Note that, in practice, a smesher can and likely will check many nonces in parallel. In general this algorithm is highly parallelizable and different portions of the tree can also be checked in parallel.
The parameters are chosen such that a home smesher running on modest hardware over a small number of storage units needs to check on the order of a few hundred nonces in order to find num_required_labels matching labels. This process (which is of course probabilistic) should take no longer than the PoET cycle gap, i.e., a few hours, in 99% of cases—in other words, except in rare cases where they get unlucky, a home smesher on modest hardware should have plenty of time to run this algorithm, successfully generate a valid PoST proof, publish it to the network, and submit to the next PoET round before it begins. For detailed math on choosing these params, see Analysis for PoST Parameters.

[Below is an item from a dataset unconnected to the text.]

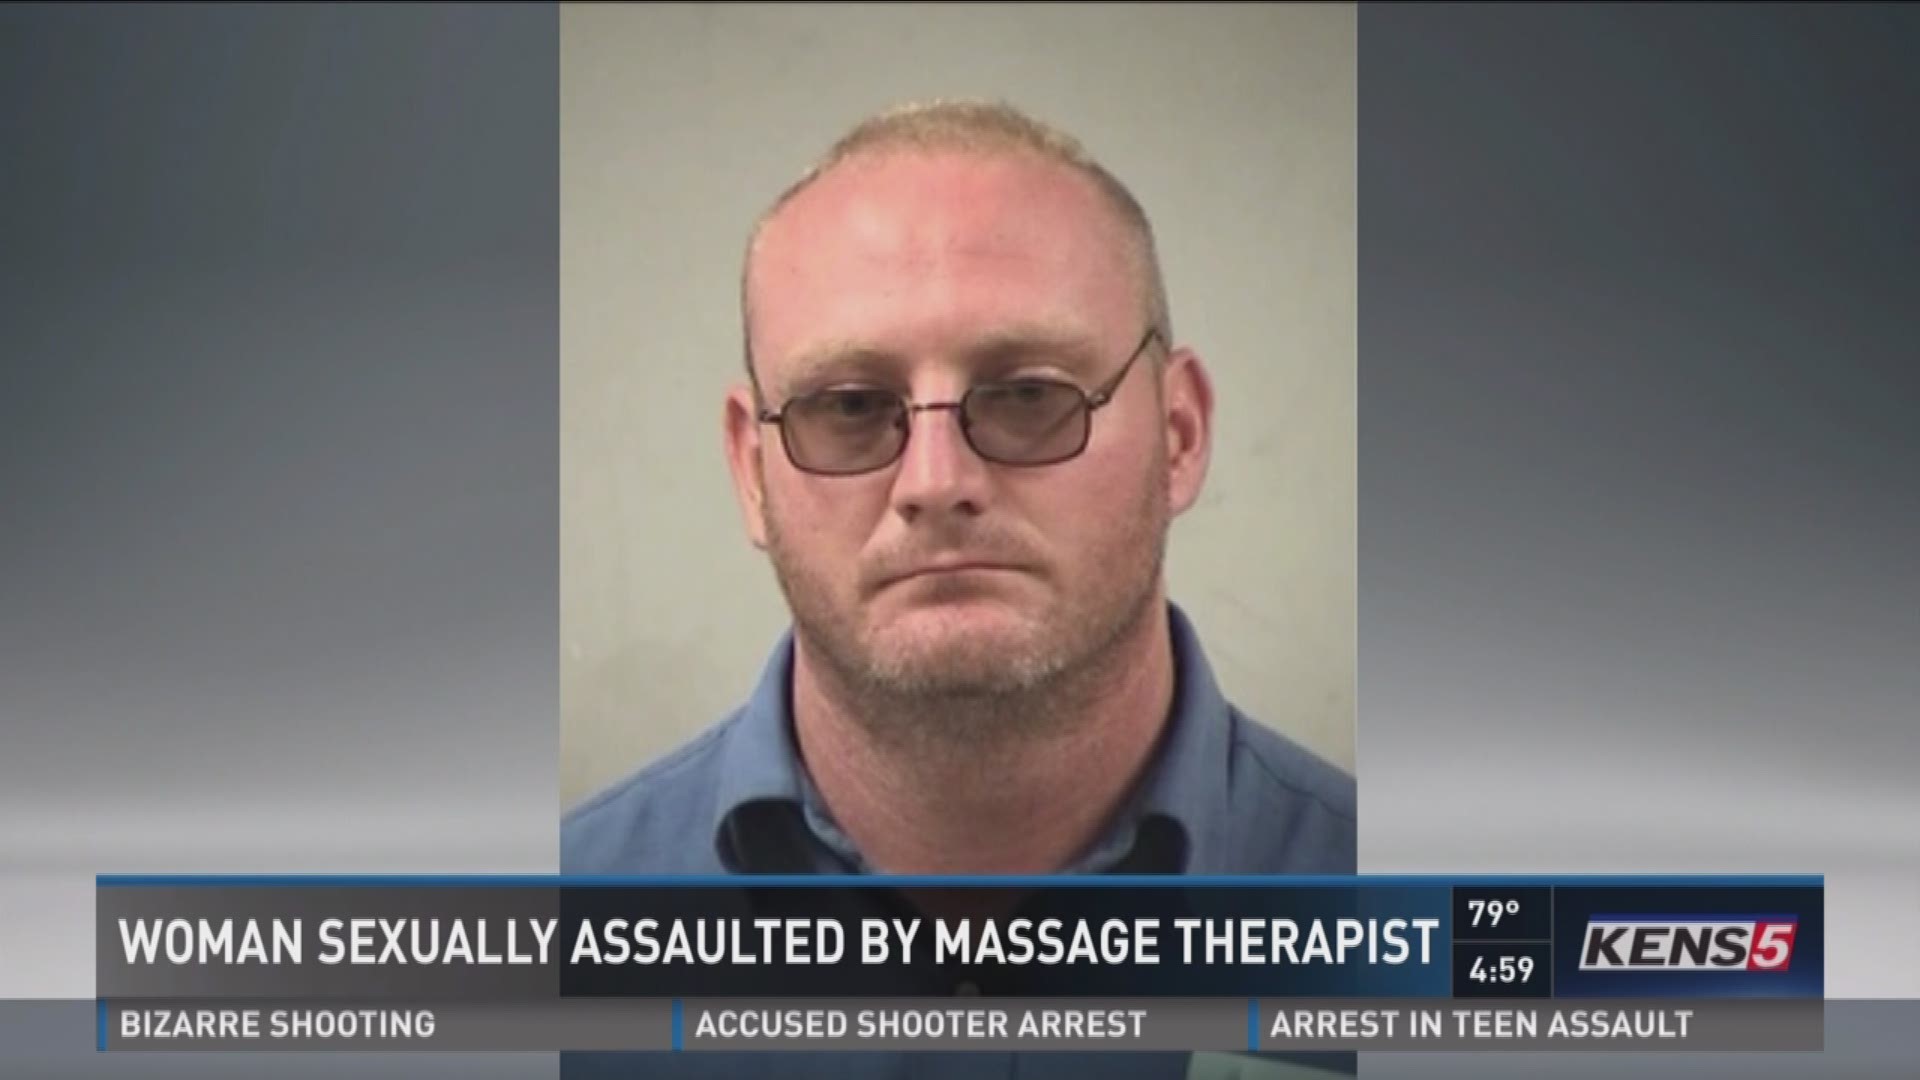 Woman sexually assaulted by massage therapist

One problem with this design is that an adversary with a lot of compute power can cheaply check many more nonces in parallel than a home smesher. If they check enough nonces they will eventually find one that allows successful generation of a valid proof of having stored N space units even though the adversary has stored a substantially smaller fraction of the data, say, 50-80%. In this way it represents a “back door” way for such an adversary to partially substitute compute for storage (“back door” because it doesn’t involve regeneration of the data itself).

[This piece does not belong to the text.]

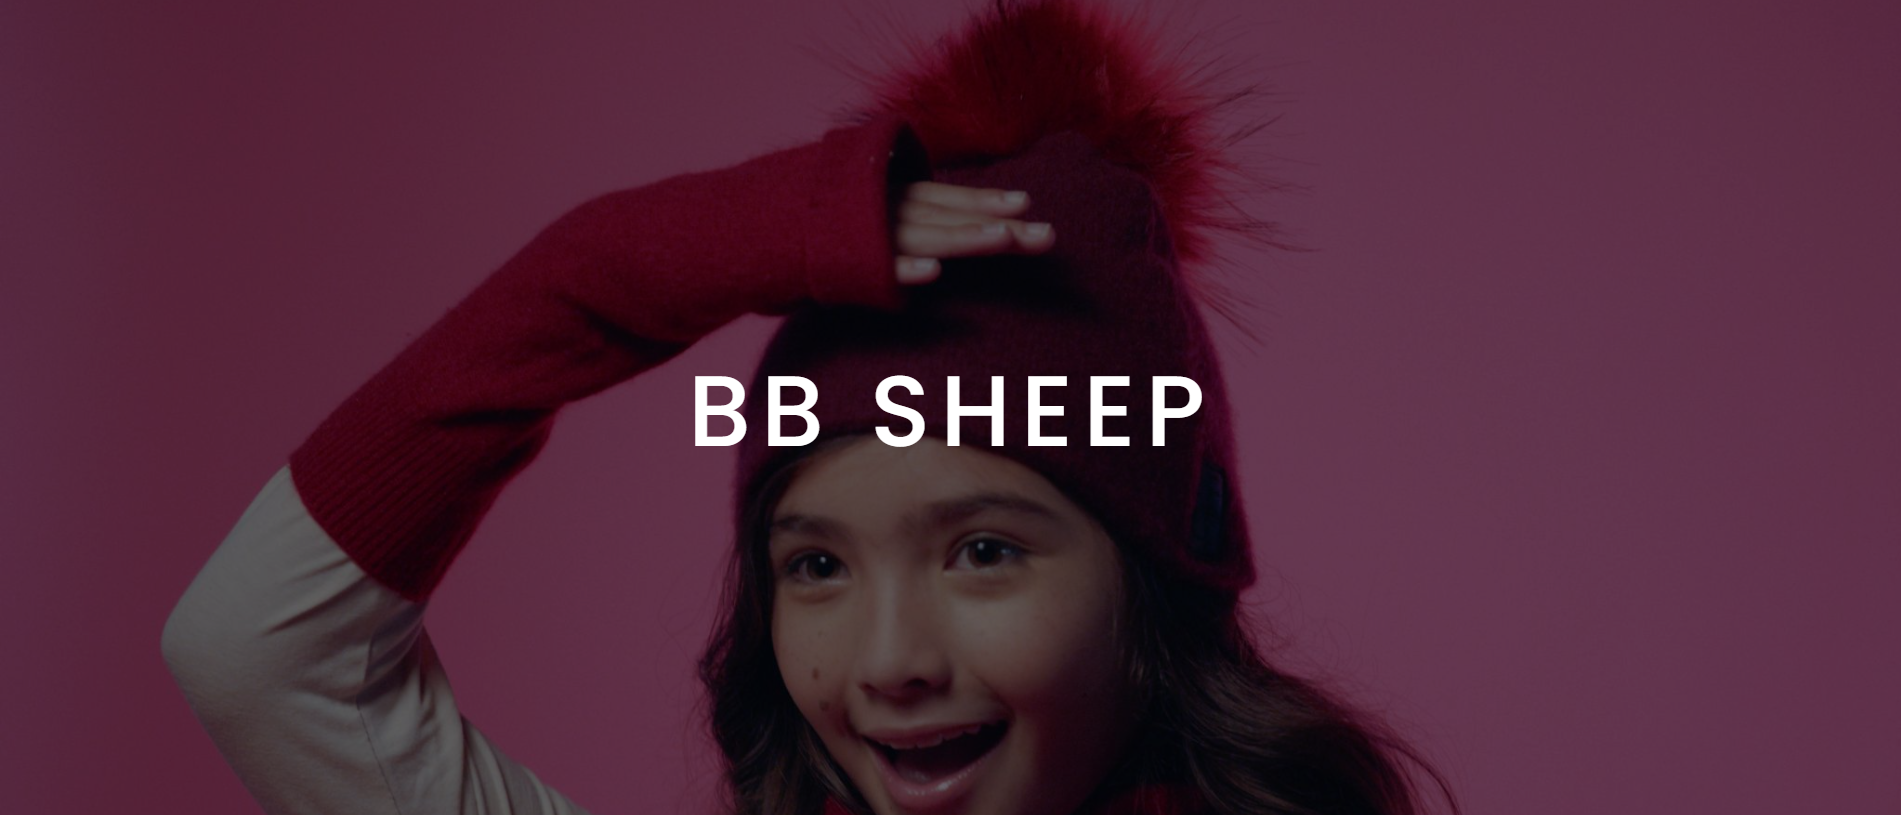 IU White BB Sheep logo on dimmed background of girl model wearing red head band and hand sleeves on pink background Featured Image

Our proposed solution to this problem is to make nonces expensive. In other words, a small amount of work must be performed for each nonce that’s tried and proofs of work to this effect must be included in the PoST proof. The upside here is that, assuming the amount of required work per nonce is low enough, the honest smesher (who indeed has all of the PoST data they claim to have) only needs to do the work for a few hundred nonces, whereas the dishonest smesher (who has less data than they claim) needs to perform orders of magnitude more work for an arbitrarily large number of nonces (parameterizable). The downside is that it requires all smeshers to do work, on top of the already resource-intensive process of generating PoST proofs and processing many ATXs each epoch that require validating these proofs.
Our proposed solution to this problem is to have the PoET server perform a modest amount of work, upfront and amortized among many smeshers, and to provide a PoW to this effect along with the PoET proof. The PoET server runs on powerful hardware and can do this work far more efficiently than most home smeshers. What’s more, the work can be done after the generation of the PoET proof is completed, during the cycle gap, when the server is otherwise idle.

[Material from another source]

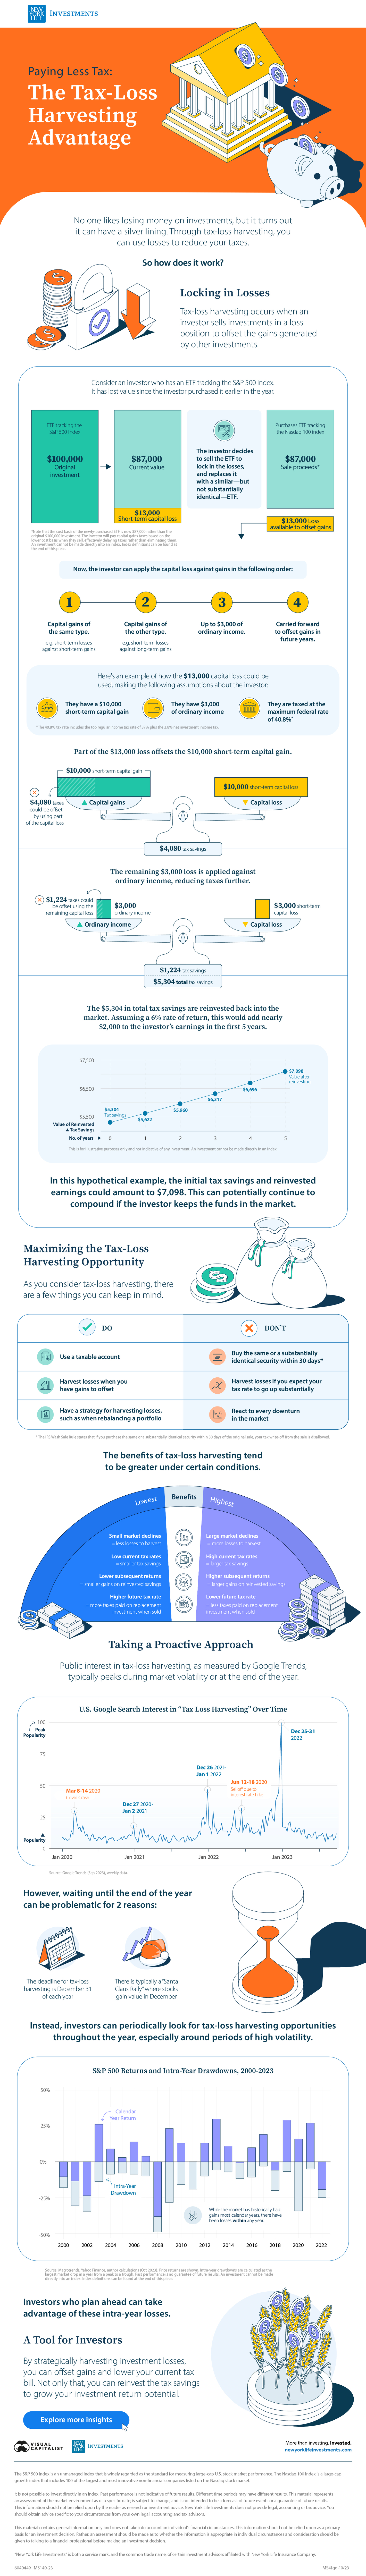 Long-form infographic detailing what tax-loss harvesting is, how to maximize the opportunity, and why investors should be proactive rather than waiting until the end of the year.

The PoET server will perform PoW to validate a number of nonces that would allow a home smesher with up to ~4tb of storage space to successfully generate a PoST proof in 99% of cases. In other words, many smeshers can utilize the same PoW, which is in no way bound to a specific smesher ID. We find this number reasonable due to back of the envelope math: we expect the existing PoET servers, even without changes to hardware, to be able to perform this work in under an hour; and, based on HDD read speeds, 4tb is about the maximum amount of space that a smesher can read from a single disk during a cycle gap, i.e., it represents the effective maximum size of a single smesher’s data commitment given the current set of parameters (and without specialized hardware).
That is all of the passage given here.